— Я имею в виду незаконнорожденного подкидыша Карну по прозвищу Секач, злокозненного и…
Сам не понимаю, что на меня нашло. Еще секунда, и Матали схлопотал бы по меньшей мере увесистую оплеуху. Кажется, он тоже понял, что стоял на краю пропасти — поскольку в моей душе словно беременную тучу дождем прорвало. На миг даже померещилось, что слова возницы о подкидыше Карне-Секаче и его вчерашней гибели разбудили кого-то чужого, таящегося в сокровенных глубинах существа, которое называет себя Индрой, темный незнакомец просто-напросто забыл на рассвете проснуться и лишь сейчас вынырнул из тяжкой дремы, подобно морскому чудовищу из пучины… Зачем? Чтобы ударить безвинного Матали? За то, что сута искренне радуется победе Серебряного Арджуны, моего сына от земной глупышки, мужней жены, возлюбившей богов пуще доброго имени?.. Да что ж он, Матали, враг мне, чтоб не возликовать при виде трупа мерзавца, бывшего единственным реальным соперником Арджуны и поклявшегося в свое время страшной клятвой:
«Не омою ног, пока не плюну в погребальный костер Обезьянознаменного!»

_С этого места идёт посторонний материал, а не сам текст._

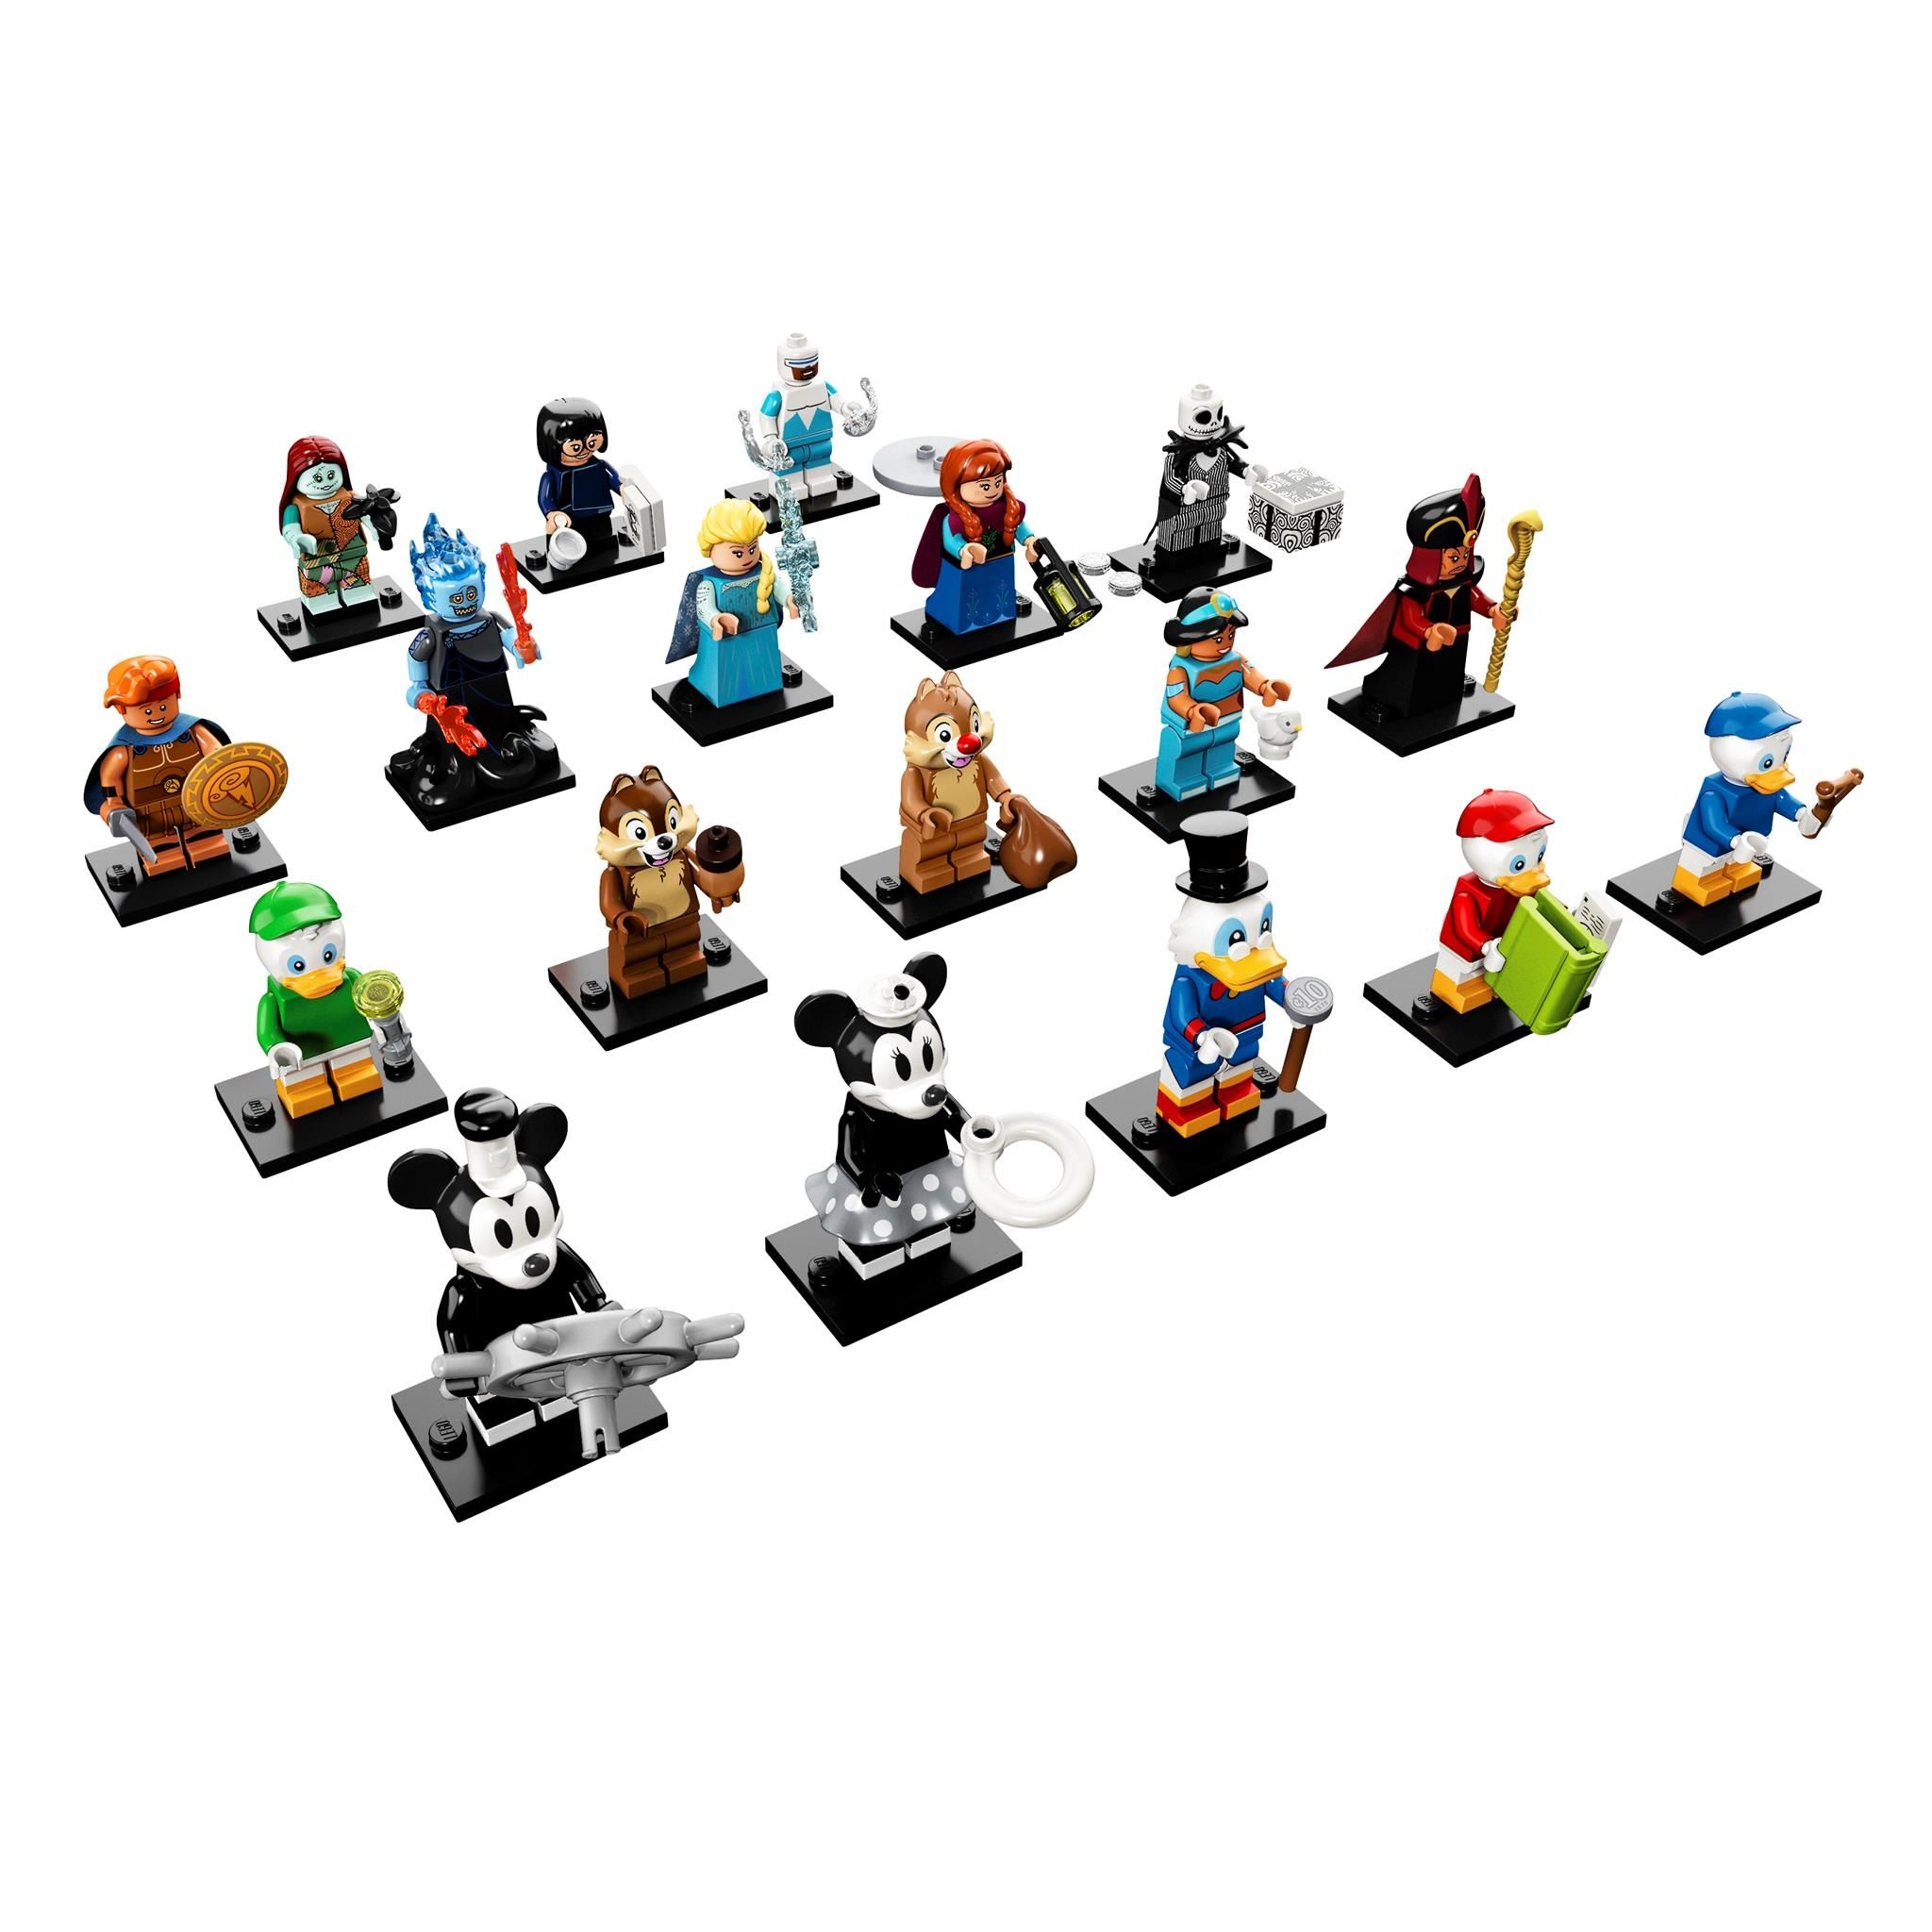 Đồ Chơi Xếp Hình LEGO Nhân Vật LEGO Disney 2 71024

Едва слова клятвы, данной покойным Карной-Секачом, пришли мне на ум — мир померк в глазах и из тьмы родился шепот майи-иллюзии.

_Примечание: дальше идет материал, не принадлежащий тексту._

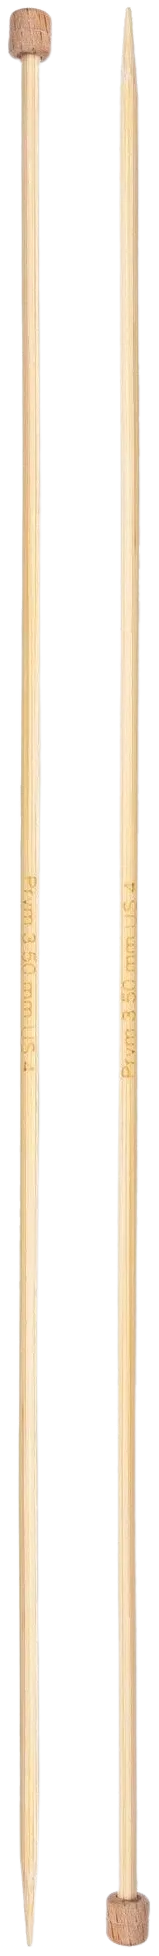 Prym neulepuikko 3,5 33cm bambu - 2

— …А этот неизменно любимый твой друг, о царь, который всегда подстрекает тебя на битву с добродетельными родичами, этот низкий и подлый хвастун Карна, сын Солнца, твой советник и руководитель, этот близкий приятель твой, надменный и слишком вознесшийся, отнюдь не является ни колесничным, ни великоколесничным бойцом! Бесчувственный, он лишился своего естественного панциря! Всегда сострадательный, он также лишился своих дивных серег! Из-за проклятия Рамы-с-Топором, его наставника в искусстве владения оружием, и слов брахмана, проклявшего его по другому случаю, а также благодаря лишению боевых доспехов своих он считается, по моему мнению, в лучшем случае наполовину бойцом!.. наполовину… наполовину…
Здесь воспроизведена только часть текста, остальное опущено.